(The task): Pick out each line with the word "Design" from the material that follows.

*** Opening of Extracted material ***

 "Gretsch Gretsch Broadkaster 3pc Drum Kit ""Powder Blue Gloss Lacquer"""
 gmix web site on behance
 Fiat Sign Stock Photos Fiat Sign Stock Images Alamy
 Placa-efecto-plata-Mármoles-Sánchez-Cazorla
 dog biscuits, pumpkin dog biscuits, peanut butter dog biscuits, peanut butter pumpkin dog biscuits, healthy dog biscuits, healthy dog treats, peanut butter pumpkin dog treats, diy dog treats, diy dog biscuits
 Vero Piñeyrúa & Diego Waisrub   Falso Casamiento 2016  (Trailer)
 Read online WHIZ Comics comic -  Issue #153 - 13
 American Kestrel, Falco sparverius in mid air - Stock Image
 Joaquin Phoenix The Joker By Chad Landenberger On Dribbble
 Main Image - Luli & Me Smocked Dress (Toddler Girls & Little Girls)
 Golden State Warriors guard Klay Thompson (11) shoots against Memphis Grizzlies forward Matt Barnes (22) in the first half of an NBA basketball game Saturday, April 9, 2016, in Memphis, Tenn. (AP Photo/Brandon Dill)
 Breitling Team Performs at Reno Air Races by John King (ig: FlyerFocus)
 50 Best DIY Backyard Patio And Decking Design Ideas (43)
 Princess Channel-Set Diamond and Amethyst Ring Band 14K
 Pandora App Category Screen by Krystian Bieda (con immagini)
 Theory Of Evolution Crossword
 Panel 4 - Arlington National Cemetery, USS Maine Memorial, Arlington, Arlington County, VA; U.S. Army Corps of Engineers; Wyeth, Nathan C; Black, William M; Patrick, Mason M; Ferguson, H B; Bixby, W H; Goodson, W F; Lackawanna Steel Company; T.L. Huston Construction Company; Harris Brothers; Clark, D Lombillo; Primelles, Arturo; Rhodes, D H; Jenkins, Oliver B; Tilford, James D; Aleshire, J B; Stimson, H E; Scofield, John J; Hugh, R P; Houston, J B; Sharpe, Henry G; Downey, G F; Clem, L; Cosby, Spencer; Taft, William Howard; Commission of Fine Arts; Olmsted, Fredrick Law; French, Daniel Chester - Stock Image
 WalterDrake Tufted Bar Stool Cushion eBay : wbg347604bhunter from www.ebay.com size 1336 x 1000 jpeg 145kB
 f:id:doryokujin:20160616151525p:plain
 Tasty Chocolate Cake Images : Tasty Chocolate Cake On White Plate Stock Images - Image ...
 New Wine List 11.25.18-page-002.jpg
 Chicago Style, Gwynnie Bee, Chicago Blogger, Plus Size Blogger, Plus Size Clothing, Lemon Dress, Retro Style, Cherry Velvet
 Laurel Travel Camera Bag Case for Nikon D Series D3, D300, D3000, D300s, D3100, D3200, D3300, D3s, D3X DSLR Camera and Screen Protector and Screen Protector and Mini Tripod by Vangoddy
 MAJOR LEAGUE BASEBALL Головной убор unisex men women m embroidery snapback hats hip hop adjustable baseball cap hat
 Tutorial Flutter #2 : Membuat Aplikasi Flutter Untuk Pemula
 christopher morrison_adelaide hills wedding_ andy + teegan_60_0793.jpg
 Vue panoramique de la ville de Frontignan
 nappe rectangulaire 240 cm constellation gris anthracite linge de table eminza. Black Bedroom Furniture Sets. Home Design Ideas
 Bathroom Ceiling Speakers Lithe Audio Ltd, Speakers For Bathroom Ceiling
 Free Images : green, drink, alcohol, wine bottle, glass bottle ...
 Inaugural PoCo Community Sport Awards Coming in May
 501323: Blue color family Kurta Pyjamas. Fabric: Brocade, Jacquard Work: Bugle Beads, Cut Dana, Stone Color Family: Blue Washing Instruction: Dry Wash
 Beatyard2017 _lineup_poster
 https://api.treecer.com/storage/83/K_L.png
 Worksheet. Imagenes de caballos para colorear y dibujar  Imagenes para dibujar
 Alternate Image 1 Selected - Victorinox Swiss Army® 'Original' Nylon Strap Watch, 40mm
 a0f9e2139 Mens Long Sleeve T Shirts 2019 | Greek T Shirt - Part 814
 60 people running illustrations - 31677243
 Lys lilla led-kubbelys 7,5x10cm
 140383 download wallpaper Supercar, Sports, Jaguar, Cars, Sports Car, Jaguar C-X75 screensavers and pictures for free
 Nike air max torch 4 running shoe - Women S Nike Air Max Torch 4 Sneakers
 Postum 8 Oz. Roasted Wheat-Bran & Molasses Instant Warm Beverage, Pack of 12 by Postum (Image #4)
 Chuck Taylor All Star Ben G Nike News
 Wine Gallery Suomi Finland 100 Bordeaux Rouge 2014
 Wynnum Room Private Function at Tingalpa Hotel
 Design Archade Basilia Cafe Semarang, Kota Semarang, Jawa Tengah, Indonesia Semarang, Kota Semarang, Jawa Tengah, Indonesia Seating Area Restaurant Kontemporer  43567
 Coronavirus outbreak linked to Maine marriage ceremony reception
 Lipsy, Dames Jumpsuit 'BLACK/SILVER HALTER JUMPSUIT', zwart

*** Close of Extracted material ***

(Response box):
 50 Best DIY Backyard Patio And Decking Design Ideas (43)
 nappe rectangulaire 240 cm constellation gris anthracite linge de table eminza. Black Bedroom Furniture Sets. Home Design Ideas
 Design Archade Basilia Cafe Semarang, Kota Semarang, Jawa Tengah, Indonesia Semarang, Kota Semarang, Jawa Tengah, Indonesia Seating Area Restaurant Kontemporer  43567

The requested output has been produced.